While 66% of the bankers appear to be confident regarding the implementation of their Brexit contingency plans and 66% of them agree that the agreement reduces the general economic uncertainty over the year ahead, the industry saw the level business with overseas customers plummet this quarter which may be an indication that Brexit has started to have an impact on customer choice.
Despite turbulent times in the sector, banks significantly increased their investment in hiring new people and focus on training.
Banks are feeling a lot of competition and a lot of pressure; they need to develop new systems, new services and have better digital interfaces for customers. At the same time they still have to deal with a lot of regulatory requirements (eg MiFiD II, GDPR, PSD2), which means less money and less people to do what they want to do.
With digital technology’s dramatic impact and in view of the changes, possibilities and opportunities that Open Banking is bringing about and the entrance of non-traditional providers of services, banks plan to invest in their own digital channels to face competition. They need to offer competitive products and services supported by efficient IT function, and this is a key priority regarding their spending over the next 12 months.
Banks will keep focussing on forming strategic alliances with particular interest in M&A transactions, which has picked up following a decline over the last 2 quarters. According to our recently published Open Banking survey banks recognise the disruptive potential of Open Banking and are treating it as a critically important strategic topic considering the possibility of complementing their offerings through partnerships with FinTechs.
In line with previous quarters, organic growth activities such as acquiring new customers and cross-selling to existing ones are main elements for growth over the next 12 months.
Statutory legislation and regulation continues to be seen as the most important factor limiting their ability to increase their business levels, while regulatory compliance spending levels will grow at the same pace as in the previous quarter.
Insurers are facing a tough competitive environment and will keep investing significantly in people as well as technology in order to provide new services and increase efficiency.
Looking at general insurers, optimism slightly improved together with business volumes which are expected to further increase in the next 3 months. After a spike in their headcount last quarter, hiring has stabilised, in contrast to all the other financial services industries. General insurers reported the lack of available professional staff as their most important barrier to growth.

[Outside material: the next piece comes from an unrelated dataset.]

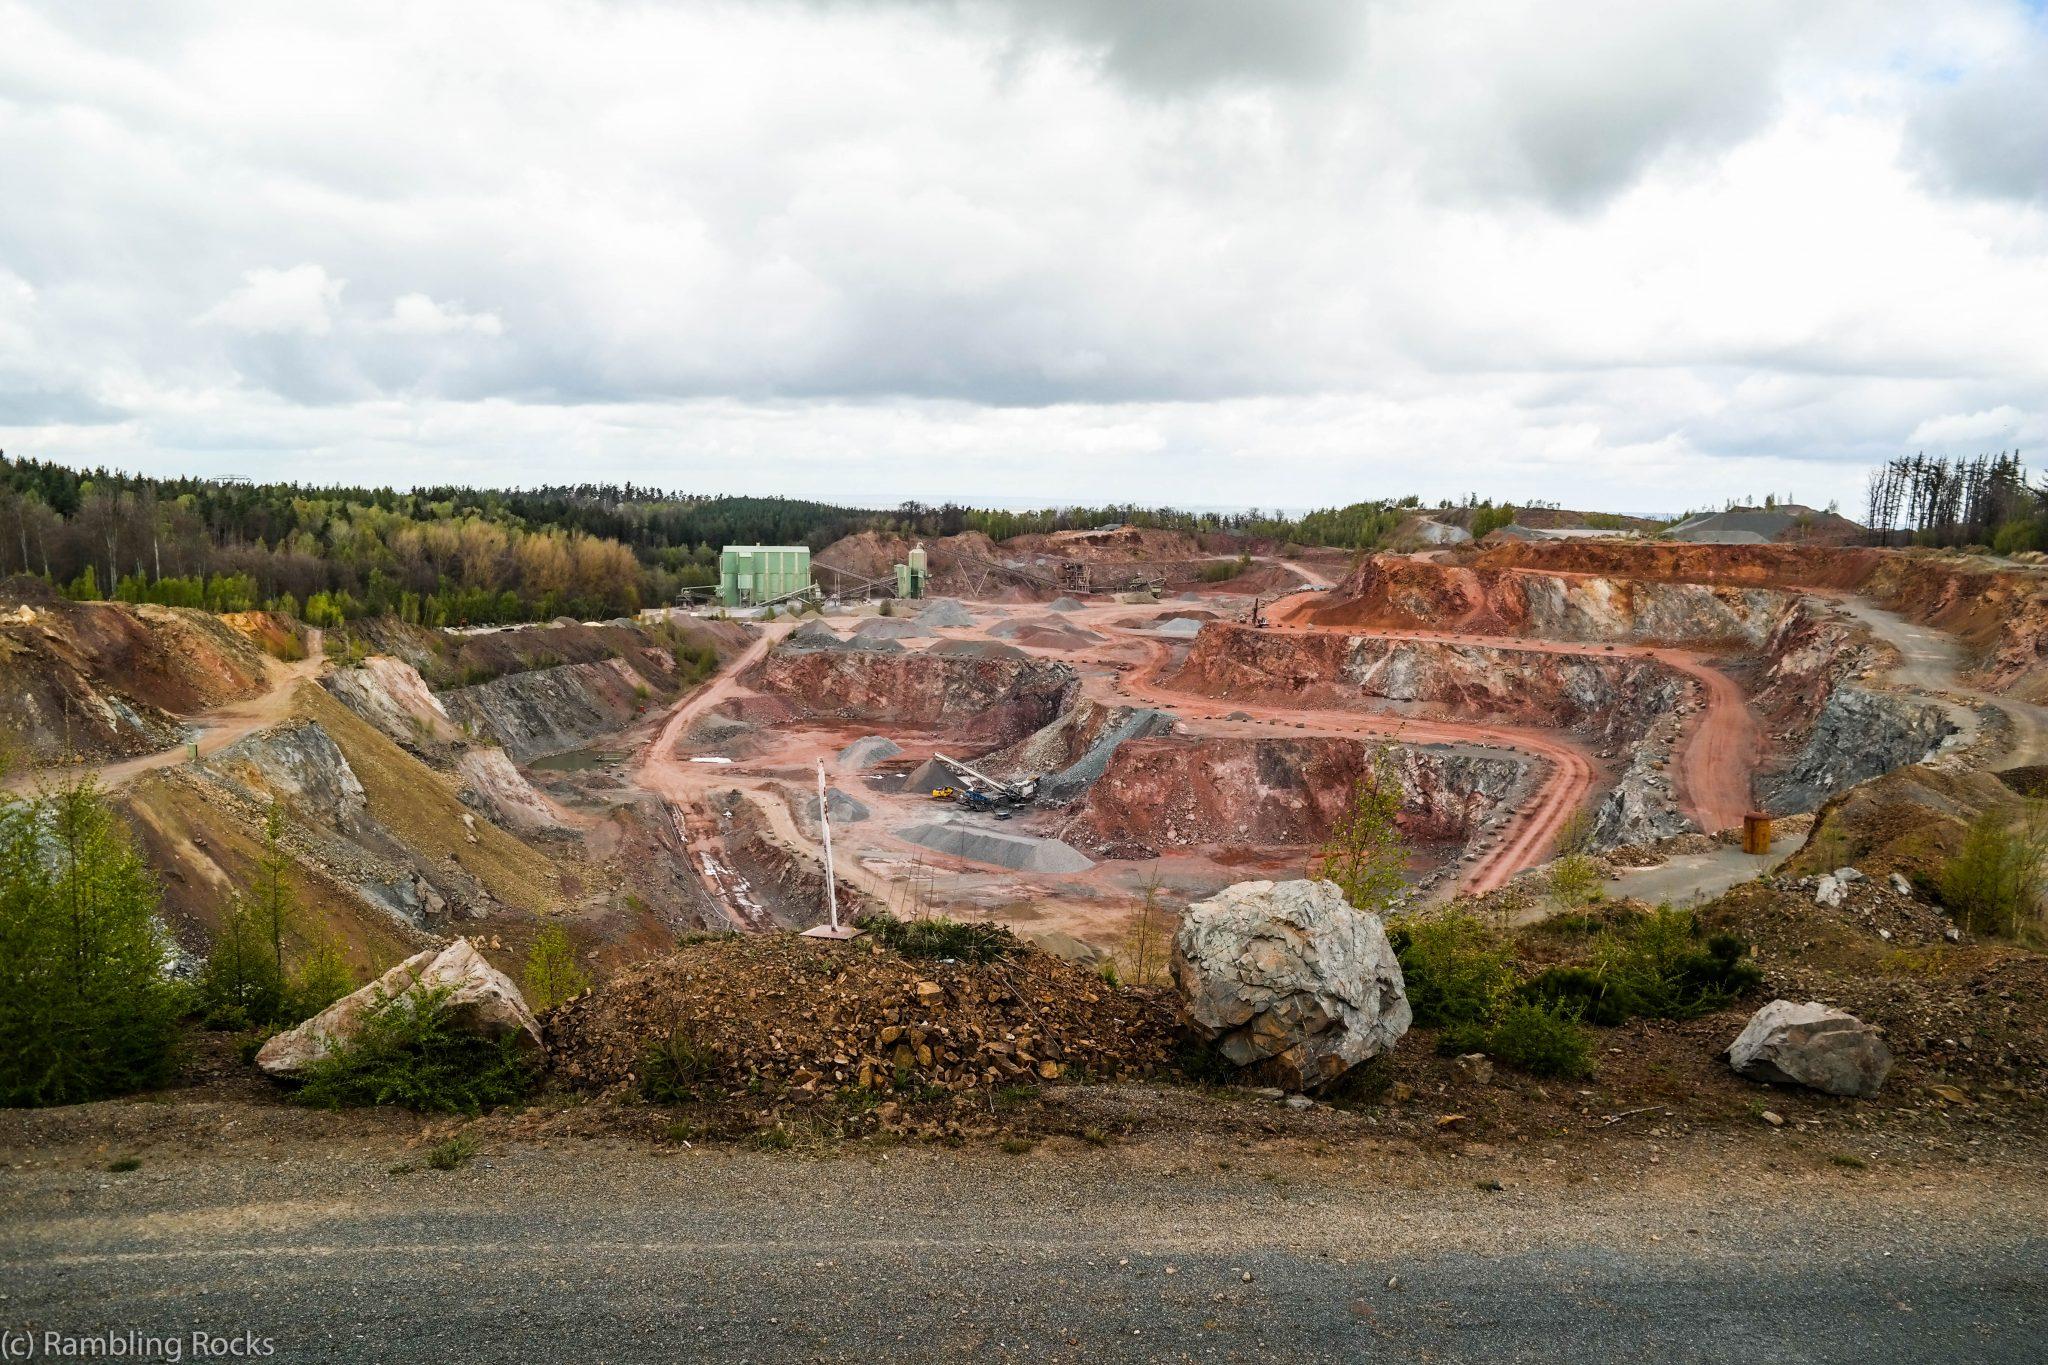 Tagebau Rieder

Insurance brokers’ sentiment plummeted this quarter, although profitability levels went up and are expected to rise further in the next quarter. Given the tough competition they face, they continue to increase their headcount and will keep investing in technology in order to increase efficiency and speed and reach out to new customers.
Spending for regulatory compliance will continue to grow at a rapid pace over the next year, for both general insurers as well as insurance brokers.
Growth is expected to come from cross-selling to existing customers. In insurance broking, we also see an increased interest in pursuing growth through M&A transactions and by forming new alliances.
After a significant decline last quarter, investment managers’ optimism levels have stabilised, driven by increased profitability and a focus on operating costs. This improvement in business profitability also looks set to continue for the next 3 months.
With Brexit creating uncertainty about the UK’s ability to continue to attract global financial services talent and technological disruption requiring more diverse skill sets, it’s not surprising that the people agenda ranks very high this quarter. Investment managers are leading the Financial Services sector in their investment in hiring and training (which will continue over the next 3 months) as they regard the shortage of labour and the availability of professional staff as the most important limitations for their growth.
AWM firms will keep investing heavily in technology for the next 12 months to increase efficiency. With artificial intelligence, robotics, big data, blockchain and new Fintech entrants transforming the financial services landscape AWM firms must invest in new technology to compete in the new age.
Looking ahead, investment managers are focussing on acquiring new customers from domestic markets rather than on new product launches (there is a desire to consolidate portfolio offerings to reduce cost).
Firms in the AWM sector reported a significant decline in planned land and building investment, reflecting the general trend of companies moving towards a more flexible and mobile workforce to reduce costs.
After a surge in recent quarters, growth in planned regulatory spending over the year ahead eased to its slowest for two years, with firms in the AWM sector focusing on embedding regulatory change in their business as usual.